[Your objective] For the data below, give again exactly the lines from the one containing "Castle_Dice_Tower_Open.stl Télécharger fichier" through the one containing "ユンハンス JUNGHANS 腕時計", both ends included, and no others.

[Record set]
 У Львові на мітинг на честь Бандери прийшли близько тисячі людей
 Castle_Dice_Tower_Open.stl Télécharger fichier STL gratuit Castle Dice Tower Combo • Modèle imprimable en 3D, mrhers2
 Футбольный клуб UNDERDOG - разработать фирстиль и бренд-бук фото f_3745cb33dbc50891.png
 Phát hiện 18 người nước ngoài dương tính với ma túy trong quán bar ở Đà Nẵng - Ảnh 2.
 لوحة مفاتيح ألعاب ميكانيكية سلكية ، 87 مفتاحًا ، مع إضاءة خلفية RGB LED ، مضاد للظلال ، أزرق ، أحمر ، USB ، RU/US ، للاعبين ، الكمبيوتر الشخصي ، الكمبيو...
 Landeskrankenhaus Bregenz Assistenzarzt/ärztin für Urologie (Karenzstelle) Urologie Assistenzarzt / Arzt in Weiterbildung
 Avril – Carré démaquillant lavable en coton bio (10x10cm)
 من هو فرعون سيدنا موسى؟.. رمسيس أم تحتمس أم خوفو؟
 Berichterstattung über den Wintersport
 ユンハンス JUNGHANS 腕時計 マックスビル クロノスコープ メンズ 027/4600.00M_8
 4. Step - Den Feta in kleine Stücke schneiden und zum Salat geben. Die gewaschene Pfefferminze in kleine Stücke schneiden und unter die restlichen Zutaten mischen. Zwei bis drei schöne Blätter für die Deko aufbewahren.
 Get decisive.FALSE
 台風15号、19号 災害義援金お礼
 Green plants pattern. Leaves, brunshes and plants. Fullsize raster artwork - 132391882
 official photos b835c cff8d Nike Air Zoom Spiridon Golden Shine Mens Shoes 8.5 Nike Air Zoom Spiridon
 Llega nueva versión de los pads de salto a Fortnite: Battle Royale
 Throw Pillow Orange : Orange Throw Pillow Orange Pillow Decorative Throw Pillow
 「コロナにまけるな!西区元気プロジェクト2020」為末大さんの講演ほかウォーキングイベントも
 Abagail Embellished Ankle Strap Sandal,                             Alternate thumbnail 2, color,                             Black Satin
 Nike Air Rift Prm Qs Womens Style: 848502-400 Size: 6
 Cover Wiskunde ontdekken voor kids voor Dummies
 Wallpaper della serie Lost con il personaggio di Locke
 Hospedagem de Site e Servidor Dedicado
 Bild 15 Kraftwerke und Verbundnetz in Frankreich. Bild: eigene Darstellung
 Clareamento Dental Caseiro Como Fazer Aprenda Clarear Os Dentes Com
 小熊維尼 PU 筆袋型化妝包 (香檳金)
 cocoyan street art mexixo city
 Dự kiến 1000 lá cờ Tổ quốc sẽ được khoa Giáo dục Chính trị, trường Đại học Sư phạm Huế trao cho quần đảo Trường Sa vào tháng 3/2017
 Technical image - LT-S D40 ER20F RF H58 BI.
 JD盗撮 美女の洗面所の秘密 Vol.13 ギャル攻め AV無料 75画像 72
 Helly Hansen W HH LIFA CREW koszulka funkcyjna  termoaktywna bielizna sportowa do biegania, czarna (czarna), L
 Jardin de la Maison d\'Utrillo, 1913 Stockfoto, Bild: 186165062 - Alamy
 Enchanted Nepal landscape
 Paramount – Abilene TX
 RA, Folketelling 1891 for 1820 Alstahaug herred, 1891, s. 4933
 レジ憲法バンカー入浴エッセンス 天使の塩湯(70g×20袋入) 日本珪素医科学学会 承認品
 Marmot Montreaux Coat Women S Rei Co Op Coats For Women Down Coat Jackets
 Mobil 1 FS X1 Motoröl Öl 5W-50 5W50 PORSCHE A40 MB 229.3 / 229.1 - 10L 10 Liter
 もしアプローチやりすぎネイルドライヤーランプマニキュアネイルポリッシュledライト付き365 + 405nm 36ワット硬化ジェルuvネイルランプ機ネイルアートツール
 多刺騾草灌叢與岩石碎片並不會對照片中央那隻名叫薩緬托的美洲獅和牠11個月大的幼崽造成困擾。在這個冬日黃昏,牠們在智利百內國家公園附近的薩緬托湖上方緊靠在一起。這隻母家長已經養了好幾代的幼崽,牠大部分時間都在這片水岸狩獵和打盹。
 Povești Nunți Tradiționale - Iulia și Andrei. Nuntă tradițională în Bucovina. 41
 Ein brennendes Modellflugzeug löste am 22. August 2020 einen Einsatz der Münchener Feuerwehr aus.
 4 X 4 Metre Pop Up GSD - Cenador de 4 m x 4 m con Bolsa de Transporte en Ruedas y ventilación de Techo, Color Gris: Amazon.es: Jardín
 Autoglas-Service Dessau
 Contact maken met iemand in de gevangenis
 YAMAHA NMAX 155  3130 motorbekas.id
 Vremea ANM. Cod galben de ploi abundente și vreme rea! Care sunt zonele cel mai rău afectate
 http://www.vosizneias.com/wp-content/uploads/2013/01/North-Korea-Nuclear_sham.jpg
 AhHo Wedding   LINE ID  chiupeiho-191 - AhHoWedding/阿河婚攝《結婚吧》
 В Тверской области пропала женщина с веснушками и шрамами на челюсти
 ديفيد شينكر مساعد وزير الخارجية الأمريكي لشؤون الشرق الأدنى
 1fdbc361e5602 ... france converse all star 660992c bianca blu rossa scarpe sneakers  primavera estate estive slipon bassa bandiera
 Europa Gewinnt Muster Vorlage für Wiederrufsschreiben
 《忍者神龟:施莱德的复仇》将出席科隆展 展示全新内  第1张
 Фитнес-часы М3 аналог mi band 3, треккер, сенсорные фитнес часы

[Result of the task]
 Castle_Dice_Tower_Open.stl Télécharger fichier STL gratuit Castle Dice Tower Combo • Modèle imprimable en 3D, mrhers2
 Футбольный клуб UNDERDOG - разработать фирстиль и бренд-бук фото f_3745cb33dbc50891.png
 Phát hiện 18 người nước ngoài dương tính với ma túy trong quán bar ở Đà Nẵng - Ảnh 2.
 لوحة مفاتيح ألعاب ميكانيكية سلكية ، 87 مفتاحًا ، مع إضاءة خلفية RGB LED ، مضاد للظلال ، أزرق ، أحمر ، USB ، RU/US ، للاعبين ، الكمبيوتر الشخصي ، الكمبيو...
 Landeskrankenhaus Bregenz Assistenzarzt/ärztin für Urologie (Karenzstelle) Urologie Assistenzarzt / Arzt in Weiterbildung
 Avril – Carré démaquillant lavable en coton bio (10x10cm)
 من هو فرعون سيدنا موسى؟.. رمسيس أم تحتمس أم خوفو؟
 Berichterstattung über den Wintersport
 ユンハンス JUNGHANS 腕時計 マックスビル クロノスコープ メンズ 027/4600.00M_8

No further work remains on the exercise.